Ocular albinism late onset sensorineural deafness

= Ocular albinism late onset sensorineural deafness =

Ocular albinism late onset sensorineural deafness (OASD) is a rare, X-linked recessive disease characterized by intense visual impairments, reduced retinal pigments, translucent pale-blue irises and moderately severe hearing loss from adolescence to middle-age. It is a subtype of Ocular Albinism (OA) that is linked to Ocular albinism type I (OA1). OA1 is the most common form of ocular albinism, affecting at least 1/60,000 males.

OA has two patterns of inheritance: X-linked and autosomal. X-linked OA includes OA1 (Nettleship-Falls type), OA2 (Forsius-Eriksson type) and OASD. Autosomal inheritance, on the other hand, includes OCA3 (autosomal recessive OA) and OA with sensorineural deafness. As OA1 is X-linked, males are generally more affected than females. The cause of OASD is believed to involve mutations of the GPR143 gene, which is responsible for pigment proteins production and melanosome growth control. This gene is located on the X-chromosome at Xp22.3, which is also where TBL1 gene is found. The physical proximity of the two genes suggest that OASD and OA1 result from contiguous-gene syndrome.

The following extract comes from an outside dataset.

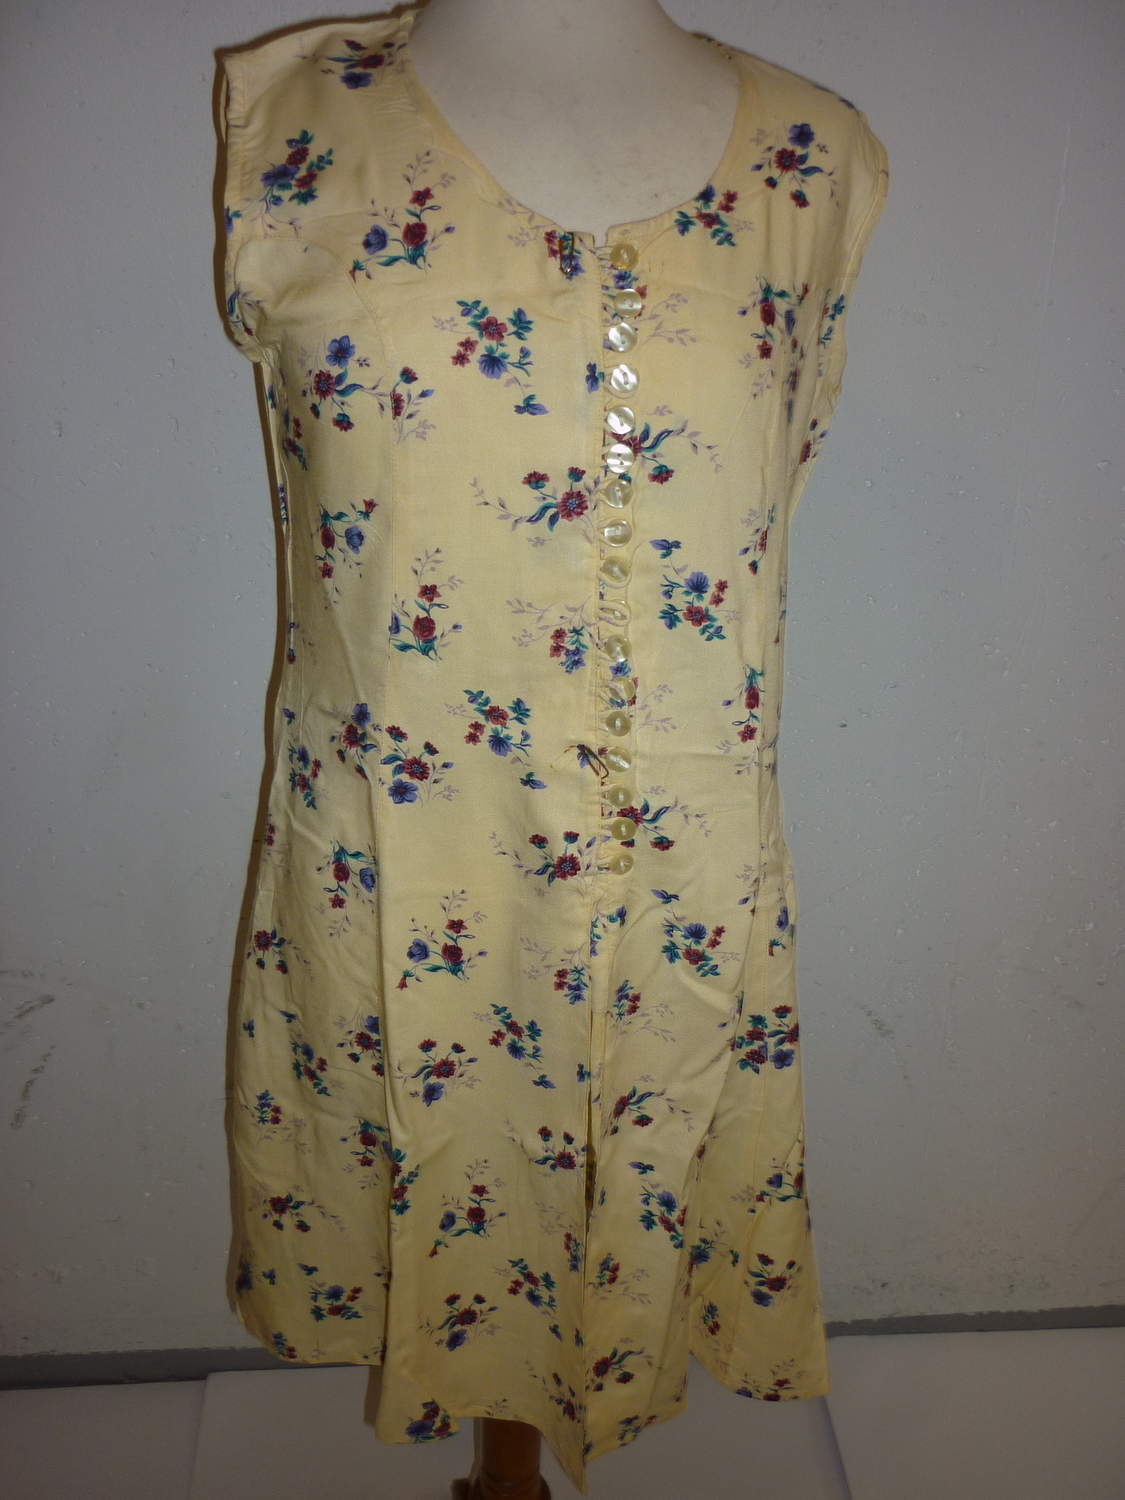 INDIAN BEAUTIFUL DRESS FOR LADIES-CHEAPEST PRICE GAURANTEE-50% DISCOUNT.ART NO.17/49788289

There are three main diagnostic methods: molecular genetic tests, family pedigree analysis and antenatal diagnosis. While there is no definite treatment for OASD, annual ophthalmologic examinations are suggested for preventative measures.

== Signs and symptoms ==
The main signs and symptoms (phenotypes) of OASD, shown in different parts of the body, include the following:
- Nystagmus: involuntary, rapid rhythmic eye movements (HPO ID: 000639)
- Sensorineural hearing impairment (HPO ID: 0001107)
- Visual impairment: impaired vision, eyesight loss (HPO ID: 0000613)
- Photophobia: light hypersensitivity (HPO ID: 0000407)
- Ocular albinism: absent pigmentation in the eye (HPO ID: 0000505)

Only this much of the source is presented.